Wer sich in den Häusern hält, ist vor den Bomben so ziemlich sicher. Bis jetzt ist es noch nicht vorgekommen, daß das Dach eines Hauses von einer Bombe durchgeschlagen worden wäre, mit Ausnahme von niedrigen, schwach gebauten Bauernhütten.

Eine zweite Bombe ging fast gleichzeitig in Garbaze nieder, unweit des Elektrizitätswerkes. Sie schlug im Hofe des Festungsspitales Nr. 2 ein und richtete keinen Schaden an.

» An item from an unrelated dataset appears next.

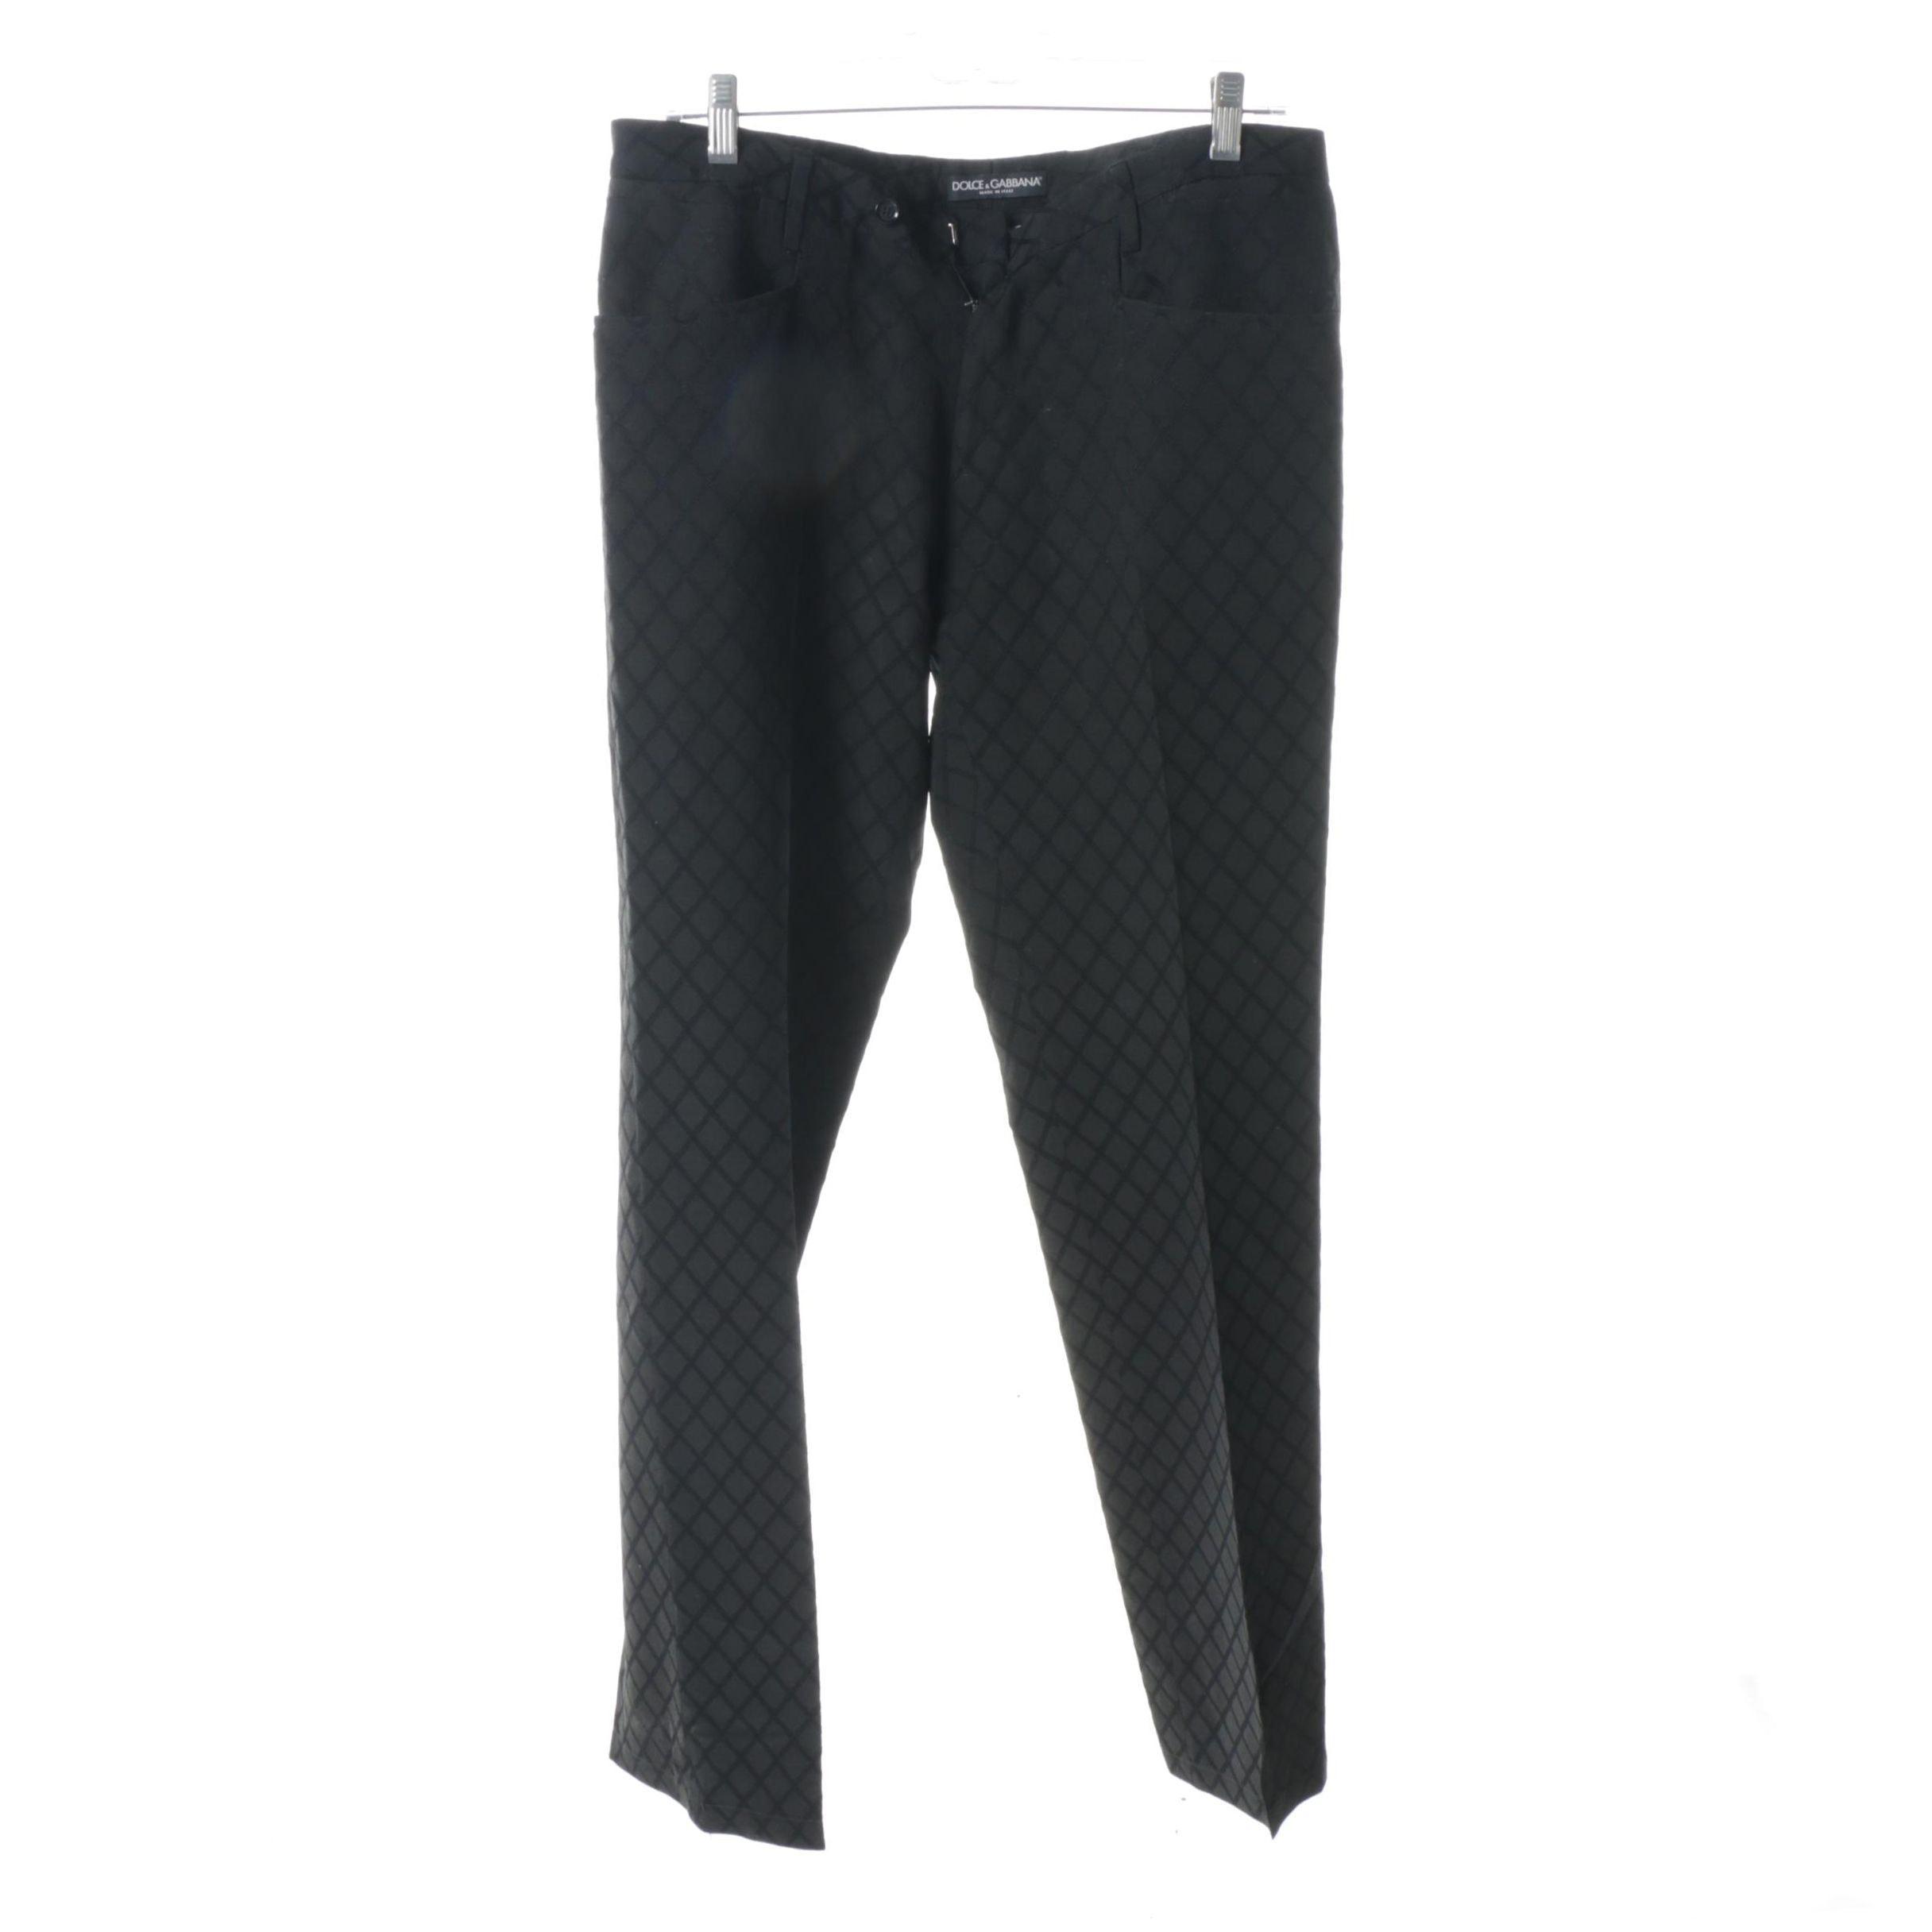 Men's Dolce & Gabbana Wool and Silk Blend Jacquard Trousers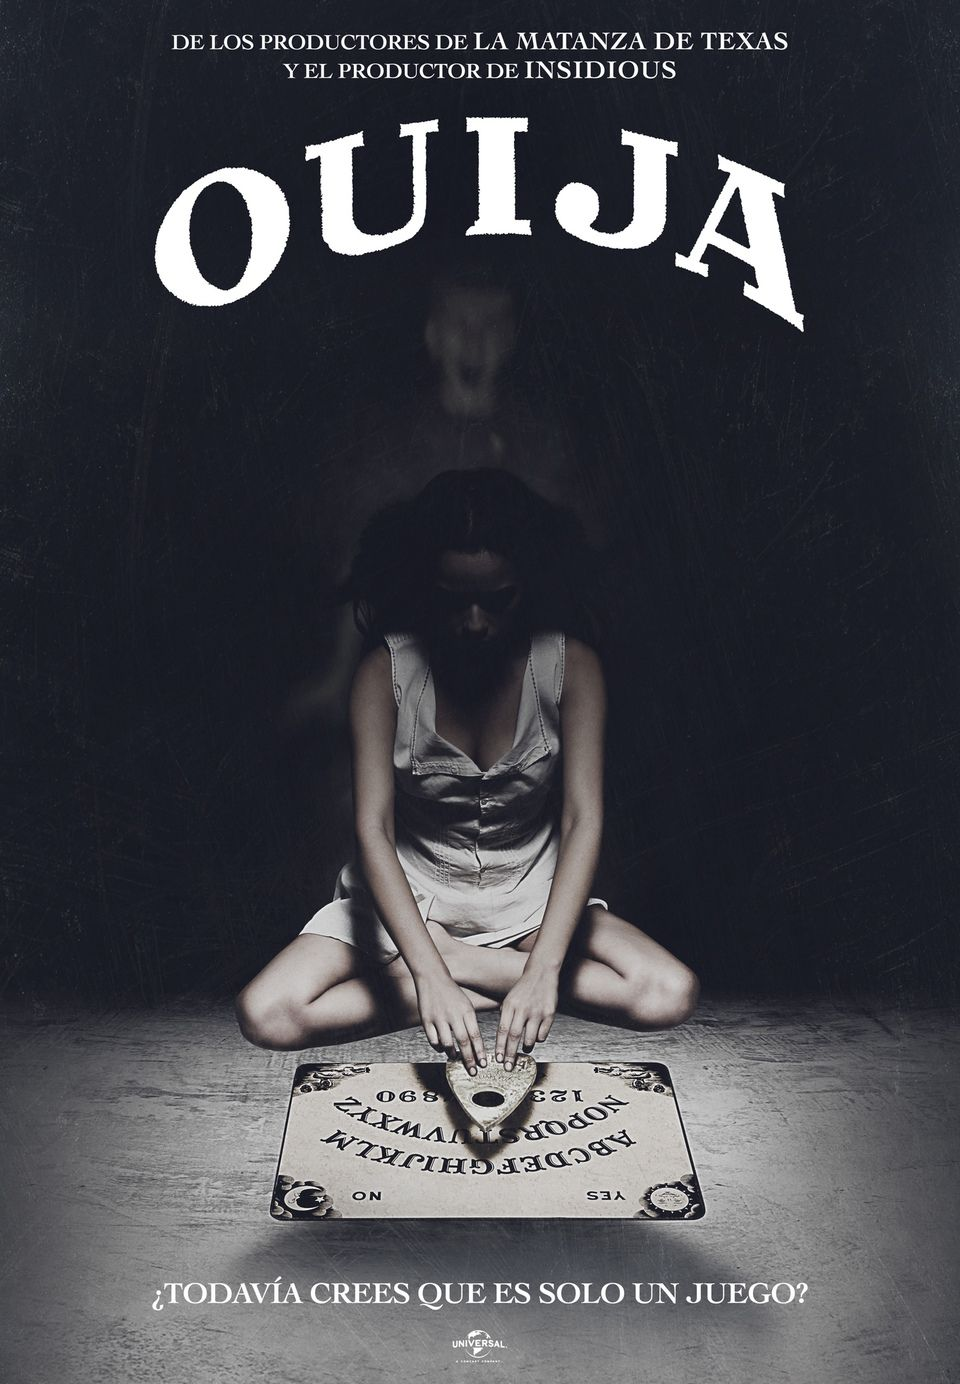 Critica De Ouija 2014 Blog De Nair Millos Ver Pelicula De Terror Ver Peliculas Ver Peliculas Gratis

Da uns die russischen Bomben einige tausend Fensterscheiben gekostet haben, wird der Vorrat an Fensterscheiben täglich kleiner. Man rechnet eine Fensterscheibe schon zu 50 K und kann sie oft überhaupt nicht mehr bekommen. In manchen Häusern sind alle Fenster mit Papier verklebt oder mit Tüchern verhangen, im Jänner eine böse Sache.

Trotzdem klagen die Leute nicht. Ich bewundere oft den tapferen Gleichmut, mit dem sie alles tragen. Es bringt sie nicht leicht etwas Böses aus der Fassung, und sausen mittags ein paar Bomben vor ihrem Fenster herunter, so sind sie eine Stunde später obenauf, wenn irgendein frohes Gerücht ihnen einen Hoffnungsstrahl zuwirft.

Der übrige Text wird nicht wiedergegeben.